It’s the end of the first year since ChatGPT and other AI tools exploded and went mainstream. It was going to be the end of dull copy.
For many small businesses, it seemed like the perfect answer. It was simple, and it was free. For some things, they’re brilliant tools.
But not infallible.
If you’ve ever asked for an image involving hands or faces, you might have discovered some shortcomings (count the fingers top right in this one). It’s helped but not solved the challenges for many small businesses for copy and content.
One year on, here’s the things that are still most challenging.
Crafting captivating website copy to attract more customers
SEO strategies, fancy user experiences—essential, yes, but not enough. The metric that matters? Attracting the right people, not just more people. To nail this, you’ve got to write for them.
Get cosy with your audience.
Know their desires, fears, and what makes them tick. Social media stalking might help, but so does understanding their cultural influences. What are they reading and watching? Where do they go and spend their time and money? You need to build up that knowledge.
Making compelling content
Features and benefits are fine, but they don’t light fires.
Emotion does. We watch the news for facts. You might think we want quiz shows for the facts, but it’s really all about the drama, the human rollercoaster of emotions.
Think less about the ‘what’ and more about the ‘why.’ Stories are your best friends here. Explore the seven story frameworks (I recently shared these) to inject life into your content.
Creating emails that get opened and actioned
300 billion emails. Every single day.
Up from 144 billion in 2012.
And how many do we open?
Because it’s simple to dash off an email and press send, then we do. But rubbish in, rubbish out. The best thing I ever heard about writing email newsletters? The vital part of them is the letter part. Write for one person the way you’d write a letter to a friend.

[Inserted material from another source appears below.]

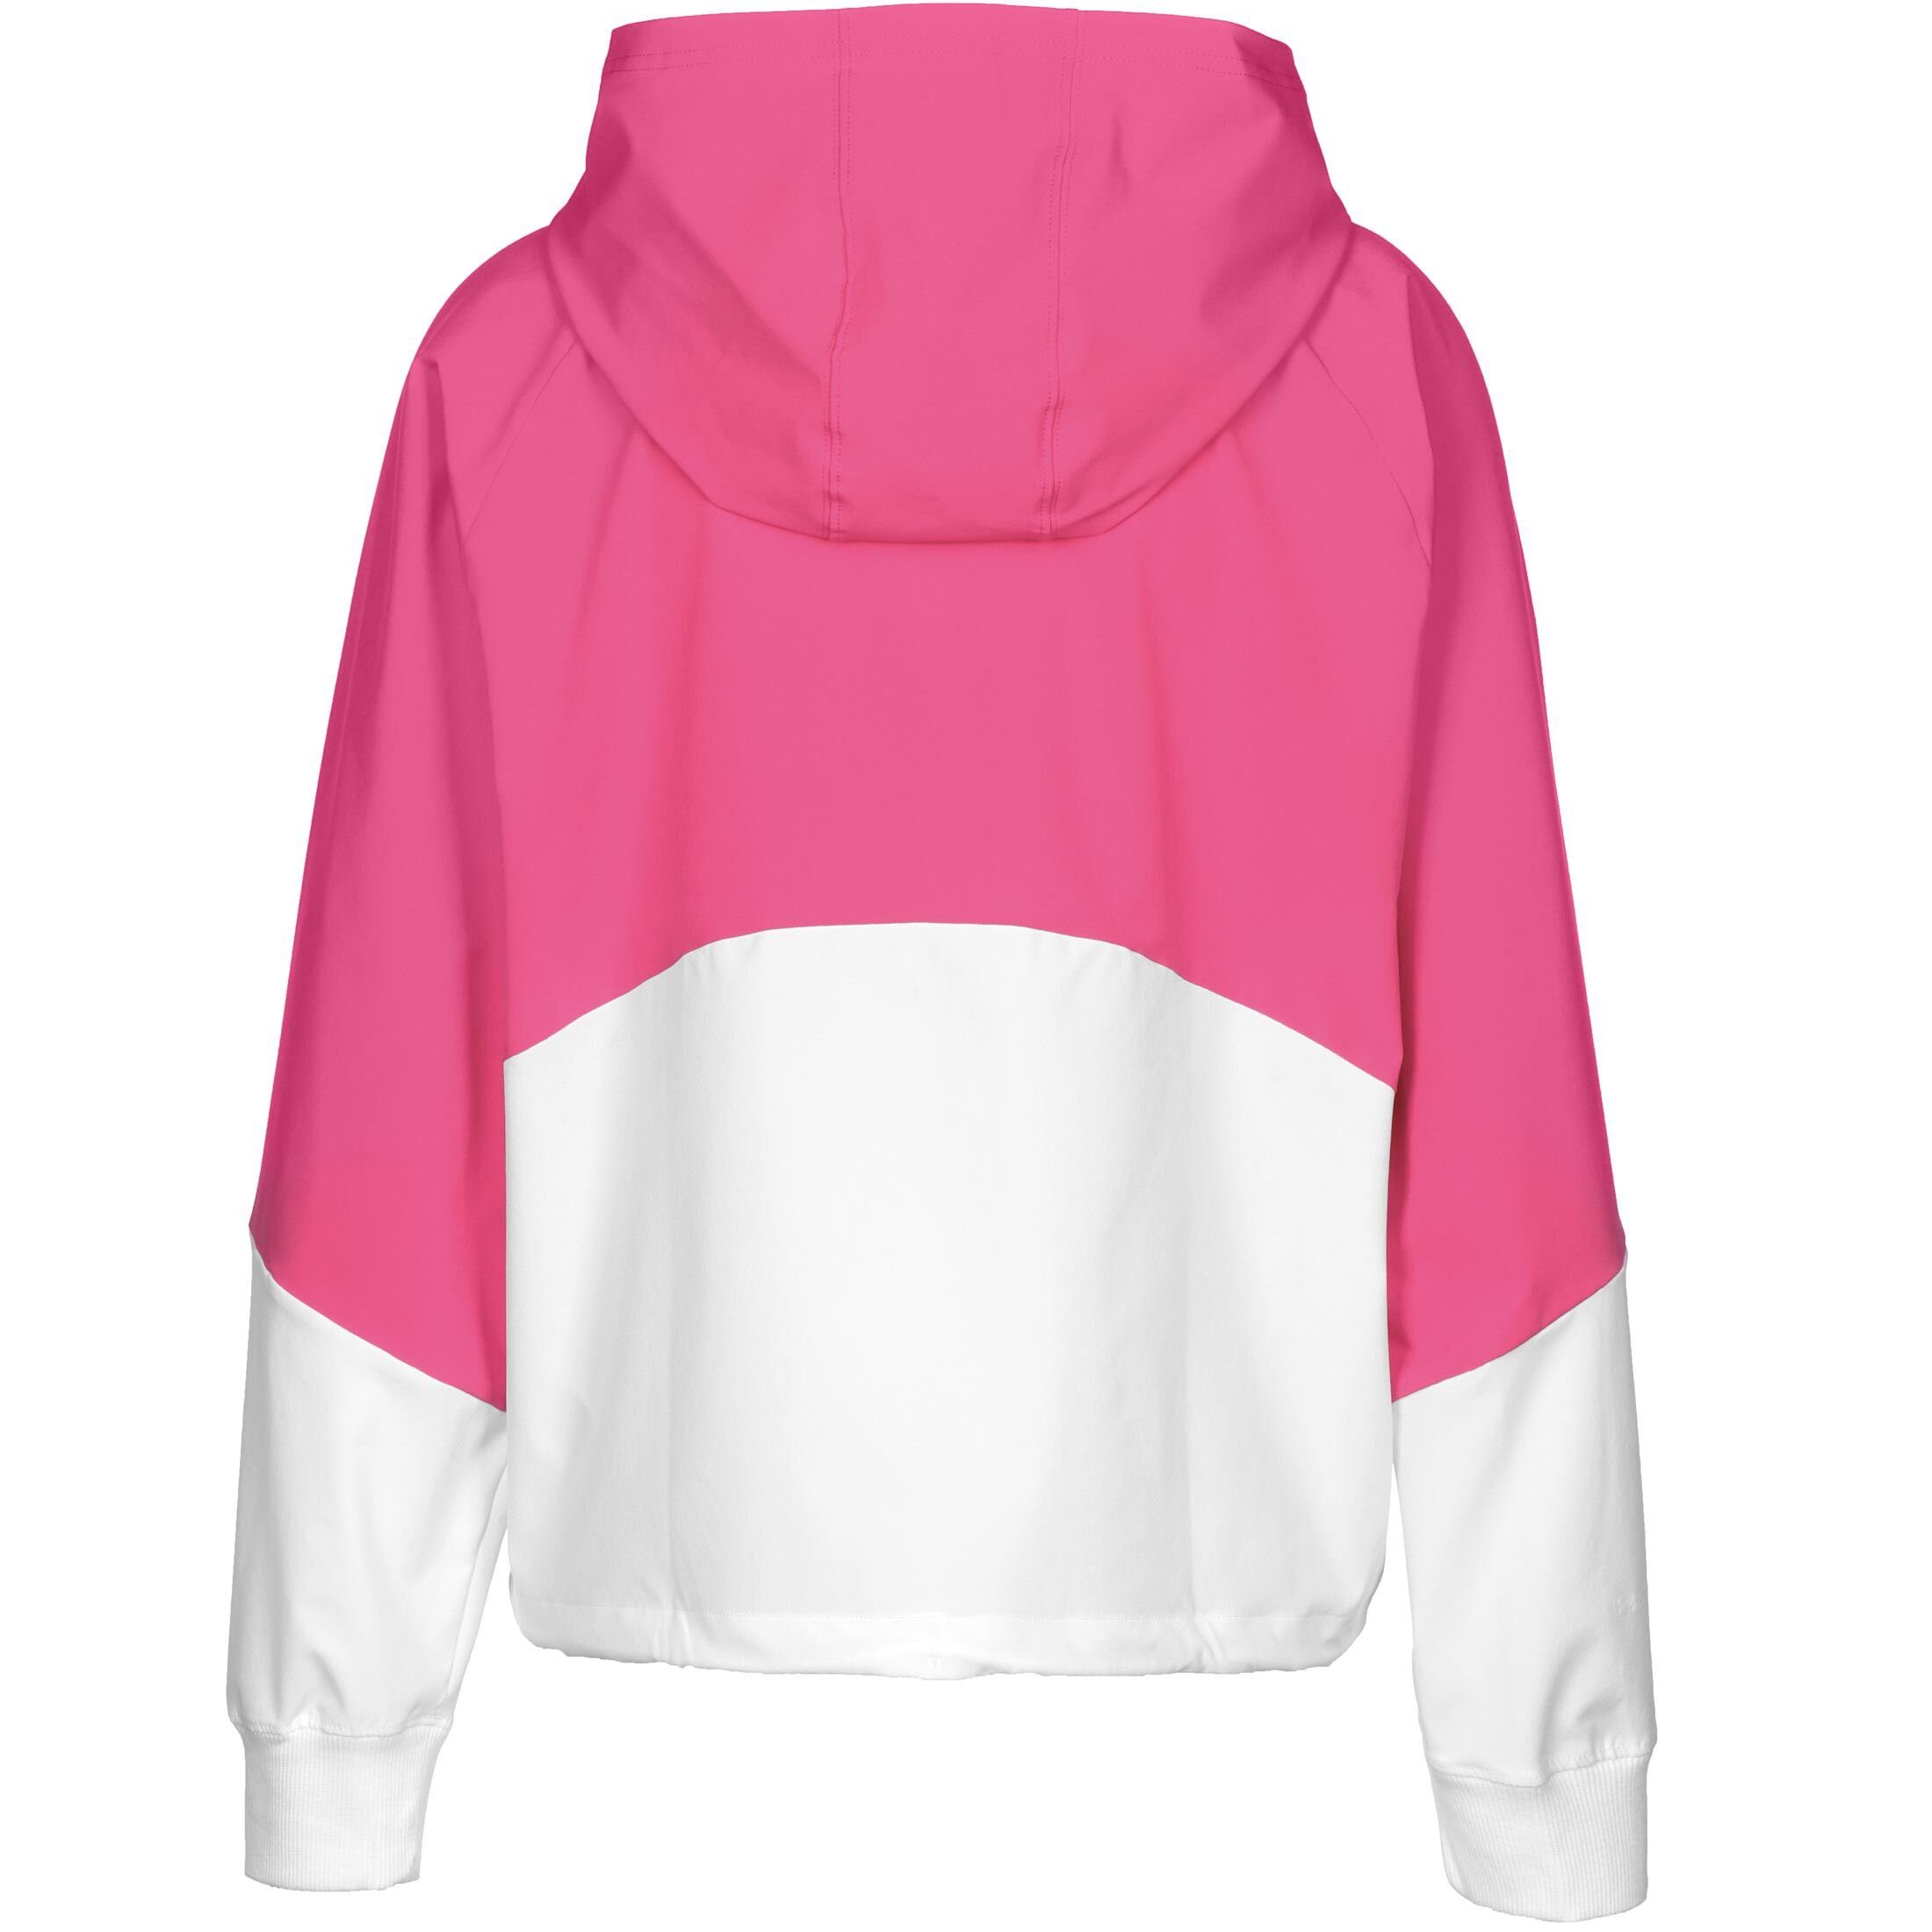 Under Armour® Trainingsjacke Woven pink Jacke Damen weiß

You’d take the time to make it enjoyable. You’d know them well enough to know what they might be interested in outside of just the things you do. It should be a conversation starter, not just you shouting through their letterbox.
Help me sound more like Oatly
I don’t know how many times I’ve heard this. It’s the new version of “make us sound like Innocent”.
But here’s the rub: mimicking them doesn’t make you them. Oatly’s voice is rooted in their entire brand ethos. Find your own – authenticity trumps mimicry.
As the youngsters say, you need to do you.
Is AI helping?
Yes and no.
I’ve written before about smart ways to use it, and in that way, it can definitely help small business owners.
There are still a couple of challenges that remain.
Putting in the right prompt, with the right information and the right requested outputs, is just the start. If you’re using cheat sheets that you’ve seen, then remember many other people are using them too.
When everyone asks the same question, everyone gets the same answer. Produces the same content. Which eventually AI will scrape.
Producing more of the same answers. There will be a blandifying of answers and content.
The other challenge is taking the first answer. If you’re going to use AI, then refine, refine and refine.
Trust me, it’s what great copywriters do. Killing your darlings is hard, but even Shakespeare didn’t publish his first draft.
Not as fast as we thought
Whether you’re briefing a copywriter or AI, the inputs hugely sway the quality of the outputs. If you don’t have the time to work on the refining stage, then maybe 2024 is the time to go old school.
There’s a reason copywriters are still here.
What’s been your biggest content challenge this year? What are you going to do differently next year?